Maybe when I appeared in Cooney’s office I could find out whether the lawman had known old Timothy Devlin.
Once I was done in Clinton, I drove back west, toward the survey area, but instead of turning north before Thompson Creek, I kept on straight and turned in at Cyn’s.
I had to know where she was when it happened.
But her station wagon was gone, and my knocks on the door went unanswered. I went out to the road and checked her mailbox, but the little flag was down, and the box was empty, so someone must have picked up her mail.
I started back to town, feeling sapped.
I hadn’t given my theory to the officials, but I thought I knew what had happened. Clyde Fontenot had gone hunting, but not for the ghost of an assassin, as he claimed. Instead, he had taken his homemade metal detector and gone searching for an assassin’s fortune. But there had been someone else out there who had known about Oswald and who had his own designs on the money. He had shot Clyde, the same way they had killed Douglas Devlin last year.

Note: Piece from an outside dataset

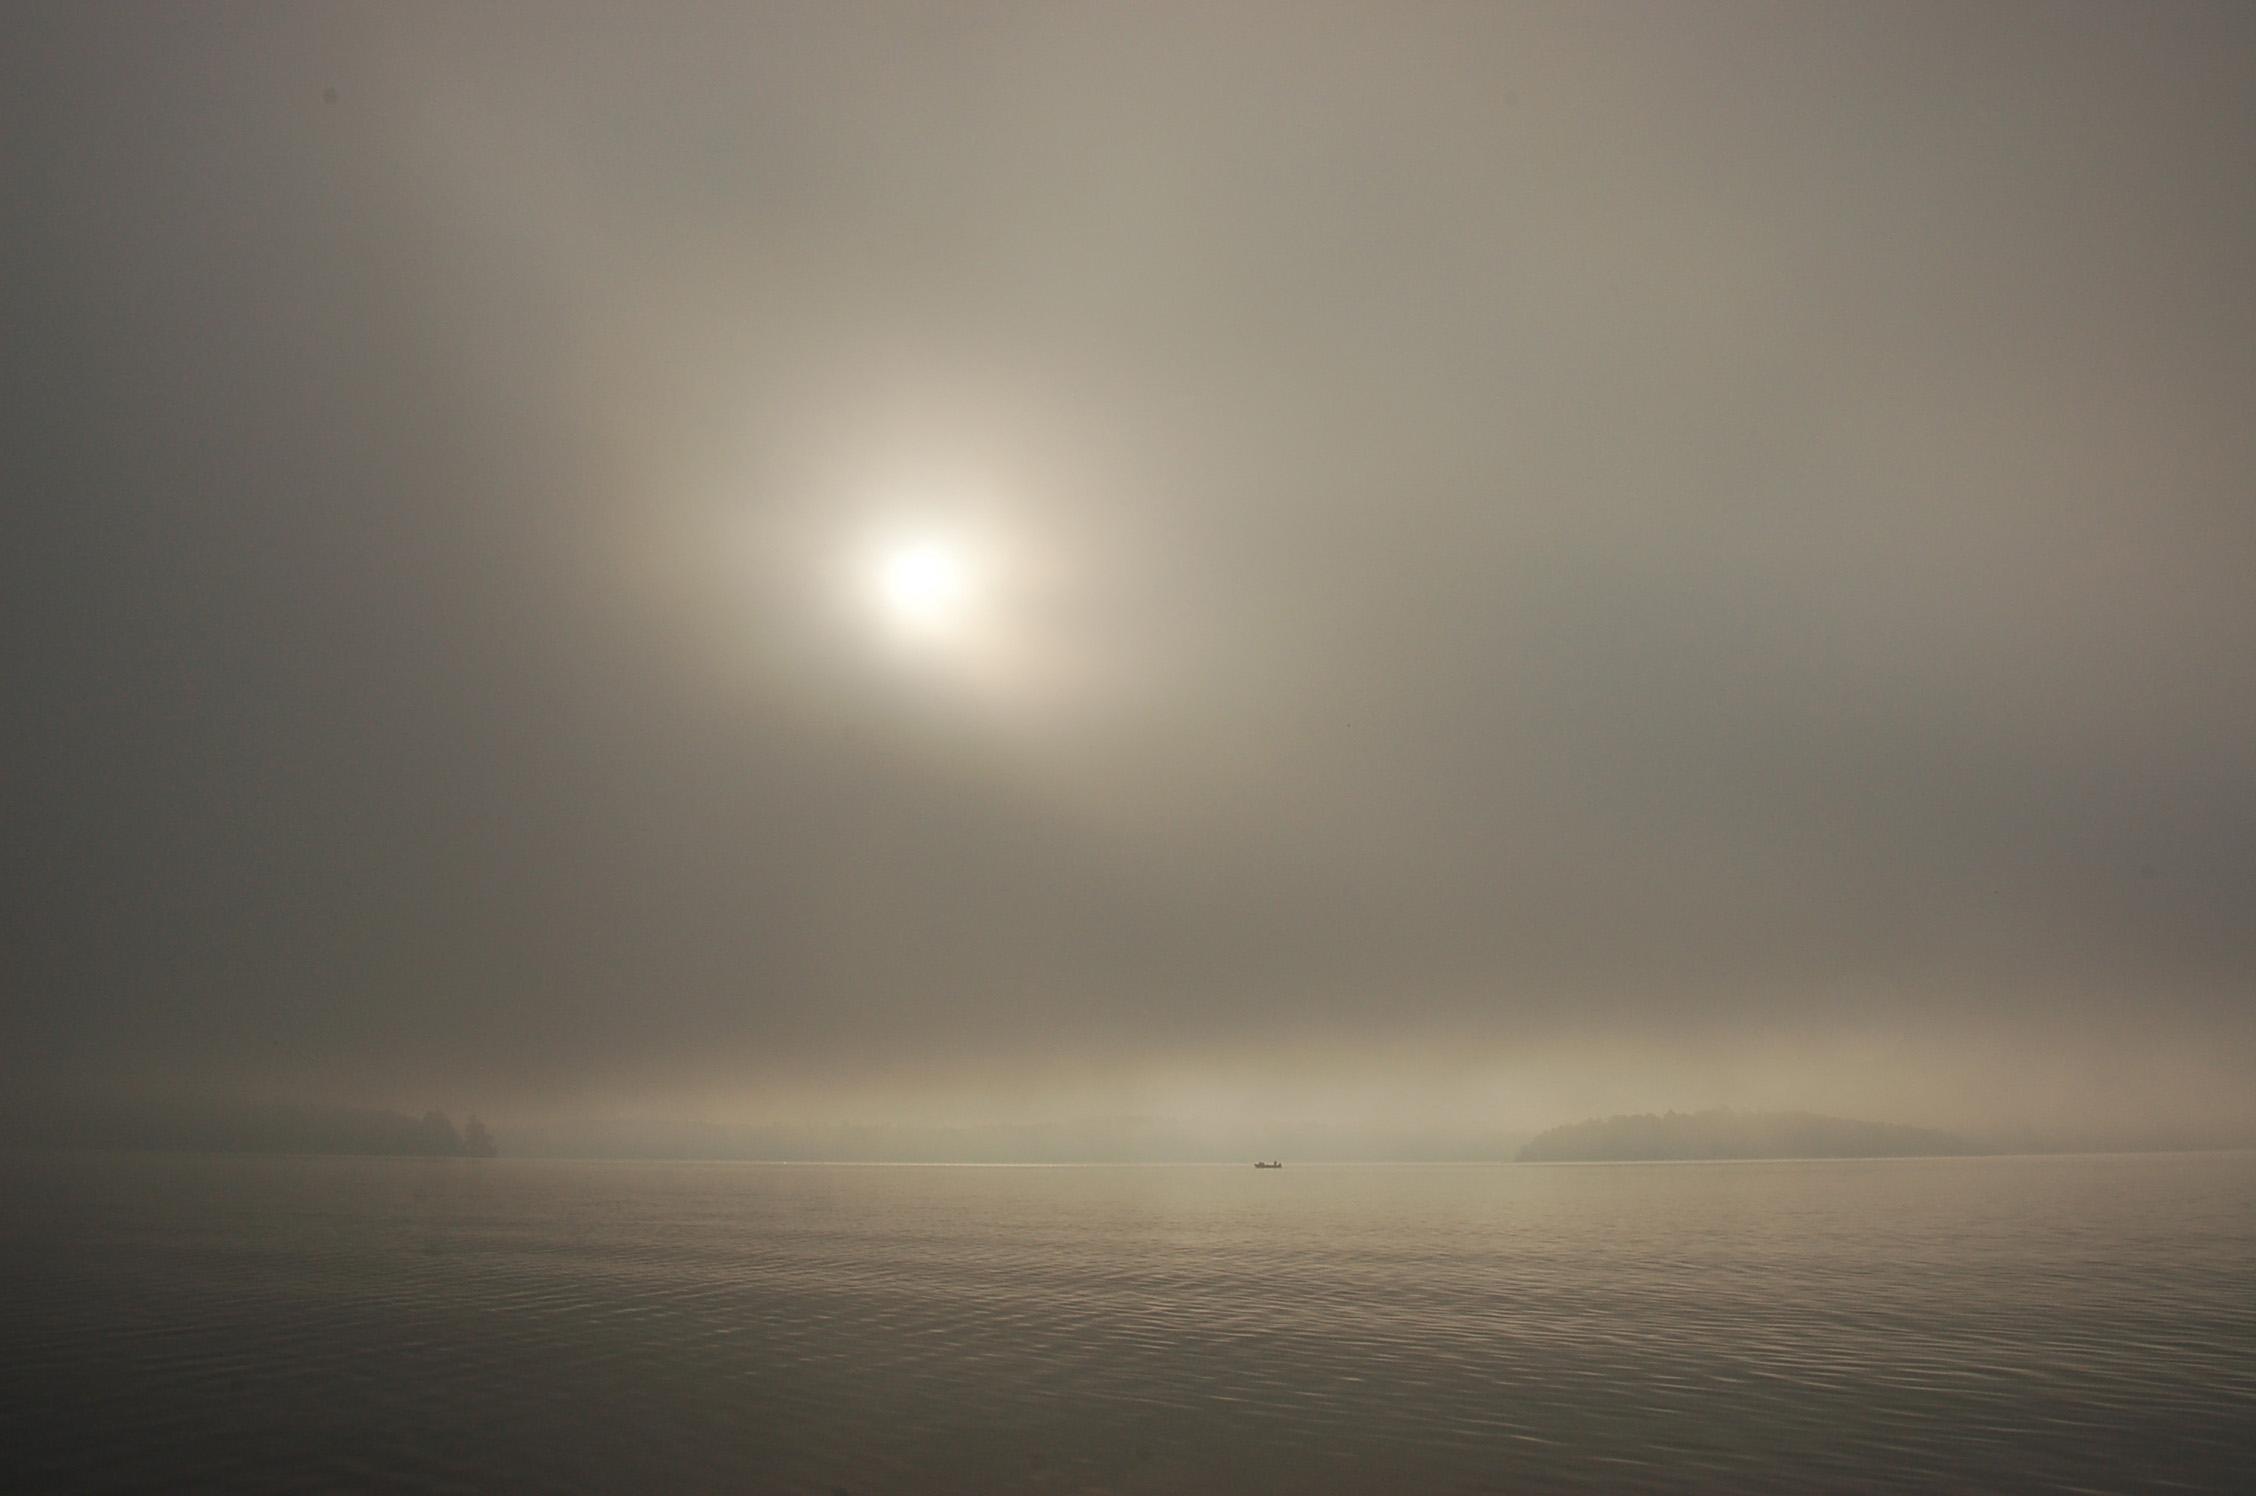 Boat in Sunrise Fog Ely 2007 copy.jpg

The police report was wrong. Doug Devlin had been murdered, just as Clyde Fontenot had been murdered. They had been murdered because of something that had begun thirty-six years ago during a hot New Orleans summer. First there had been the schemers, and then their tool, Oswald, and finally there had been the man with money, Timothy Devlin.
I wondered how many others had also been involved.
Because men like Timothy move in packs. Hatred doesn’t thrive by itself, it always attracts fellow haters. And in those days the Felicianas had been full of them. Rich white men with plantations, who saw blacks as little more than slave labor and resented anything the Kennedy administration might do to liberalize voting rights. They had been men of power, men of prestige, men of incredible arrogance. Men, I thought, like Sheriff Buford Cooney.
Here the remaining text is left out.